Autonomous Skill
WarnAudited by ClawScan on May 10, 2026.
Overview
The skill is coherent and does what it advertises, but its defaults allow unattended autonomous Claude Code sessions with bypassed permission prompts and no default session cap.
Install only if you are comfortable with autonomous Claude Code runs. Before using it, change the permission mode to a safer setting unless you explicitly want bypassPermissions, set finite max sessions or iterations, run it in a disposable branch or workspace, and review the .autonomous and .claude state files regularly.
Findings (6)
Artifact-based informational review of SKILL.md, metadata, install specs, static scan signals, and capability signals. ClawScan does not execute the skill or run runtime probes.
A launched task may continue making file or command changes without the normal approval prompts a user might expect.
The headless runner defaults child Claude Code sessions to bypass normal permission checks. In an autonomous loop that can edit project files and run commands, this creates high-impact action authority without per-action approval.
DEFAULT_PERMISSION_MODE="bypassPermissions" ... args+=(--permission-mode "$opt_permission_mode")
Default to a safer permission mode, require explicit user opt-in for bypassPermissions, and strongly recommend finite --max-sessions, scoped --add-dir values, and review checkpoints.

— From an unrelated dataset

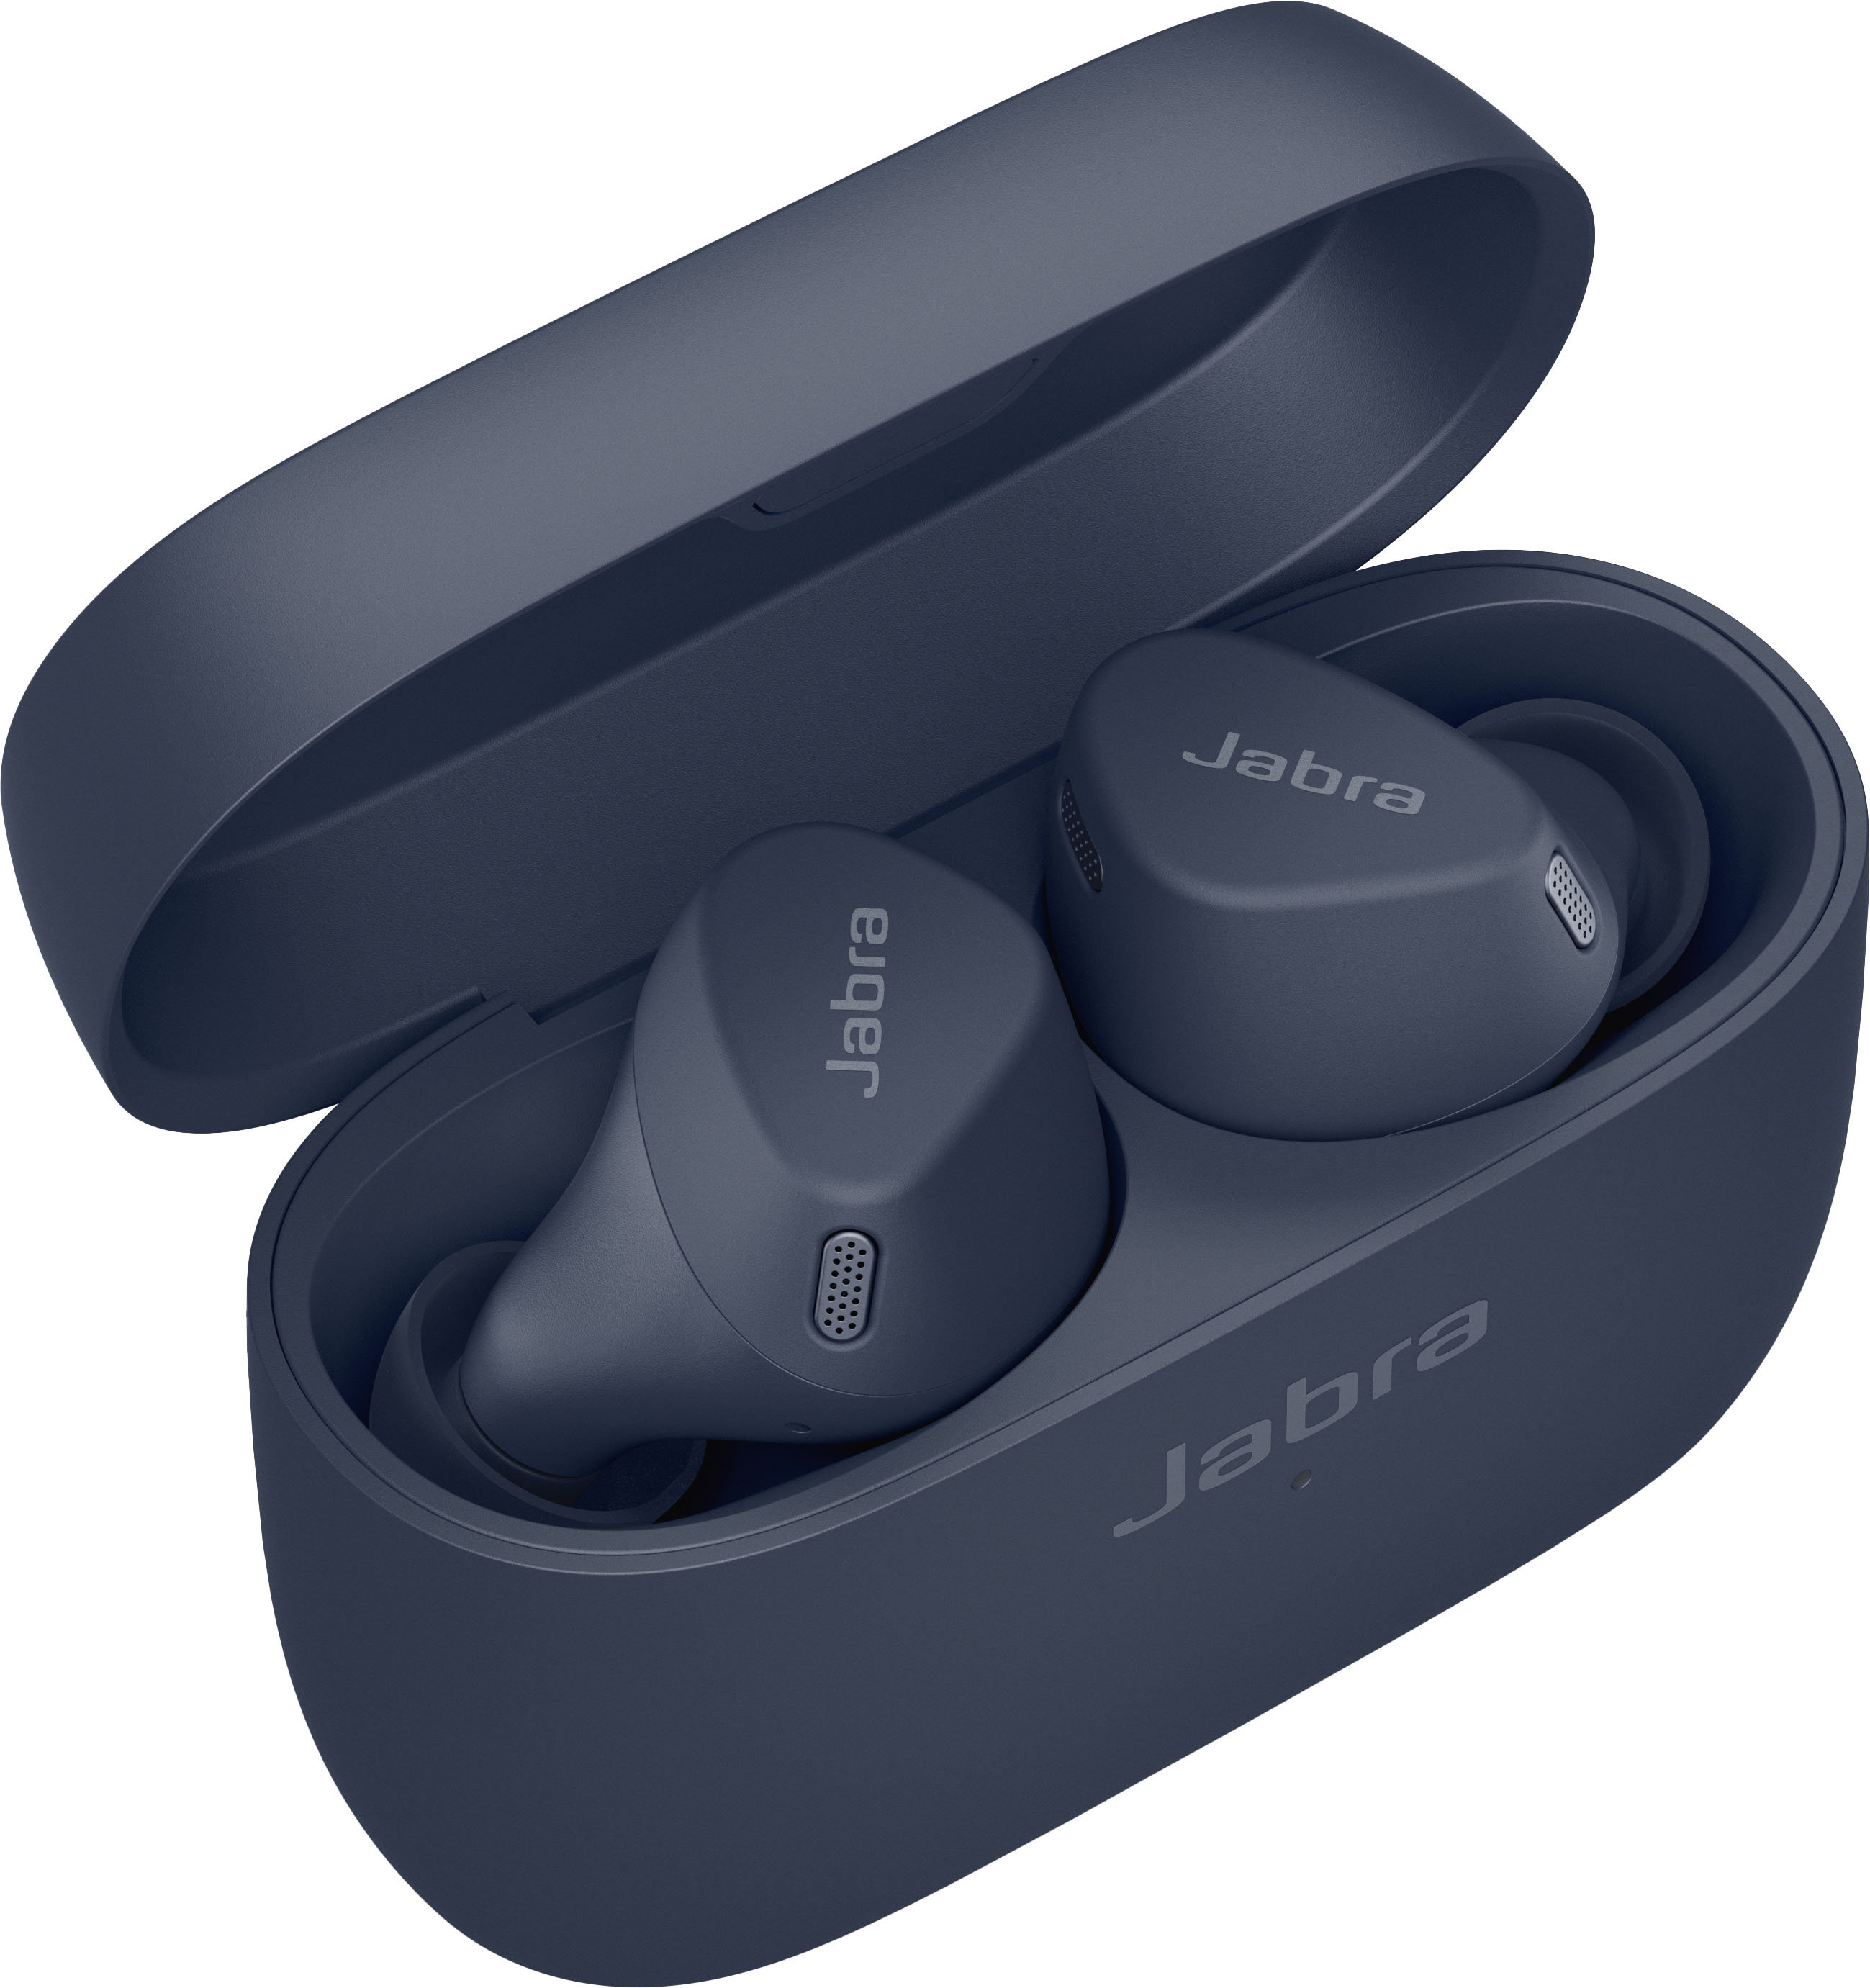 Angle View: Jabra - Elite Active 75t True Wireless Noise Cancelling In-Ear Headphones - Titanium Black

A task can keep running, spending budget and modifying the project until it decides it is complete or the user manually stops it.
The advertised default behavior supports unattended, repeated agent execution with no built-in session or iteration cap unless the user supplies one.
Spawns `claude -p` child sessions in a bash loop. Best for background/unattended work. ... `--max-sessions N` | Stop after N sessions | Unlimited ... `--max-iterations N` | Max loop iterations | Unlimited
Use explicit maximum sessions or iterations for every run, monitor logs, and avoid background execution on important repositories unless changes are contained and reversible.
The agent may resume work when the session tries to stop, which can surprise users if they forget the loop is active.
When hook mode is active, the Stop hook can prevent the session from ending and re-inject the stored prompt, creating persistent autonomous behavior until completion, max iterations, or manual deletion of the state file.
# Block exit, feed prompt back ... "decision": "block", "reason": $prompt
Make loop activation highly visible, require a finite max iteration count by default, and document cancellation before setup.
A user may install or run the skill believing it will use a safer default permission mode than it actually uses.
The user-facing SKILL.md table says the permission-mode default is 'auto', while the included runner code sets DEFAULT_PERMISSION_MODE to 'bypassPermissions'. That mismatch can cause users to underestimate the authority granted to autonomous sessions.
`--permission-mode <m>` | Permission mode | auto
Correct the documentation or change the script default so the displayed permission default matches the actual behavior.
Incorrect or tampered task/progress files could cause later sessions to do the wrong work or trust bad instructions.
The skill intentionally uses persistent markdown files as cross-session memory and asks future agents to rely on them. This is purpose-aligned, but those files can steer later autonomous sessions if they are corrupted or modified.
You have NO memory of previous sessions — your state comes entirely from the files below. ... Read `{TASK_DIR}/task_list.md` ... Read `{TASK_DIR}/progress.md` ... Tasks are ordered by dependency — trust the orderReview .autonomous task files before continuing long-running work, keep them in version control where appropriate, and avoid letting untrusted contributors edit them.
The skill may fail or rely on a local CLI/account setup that was not obvious from the registry requirements.
The script requires the local Claude CLI even though the registry metadata declares no required binaries. This is a dependency declaration gap rather than evidence of malicious behavior.
if ! command -v claude &> /dev/null; then ... "'claude' CLI not found. Install: https://claude.ai/code"
Declare required binaries and expected versions in metadata, including any shell tools needed by the hook.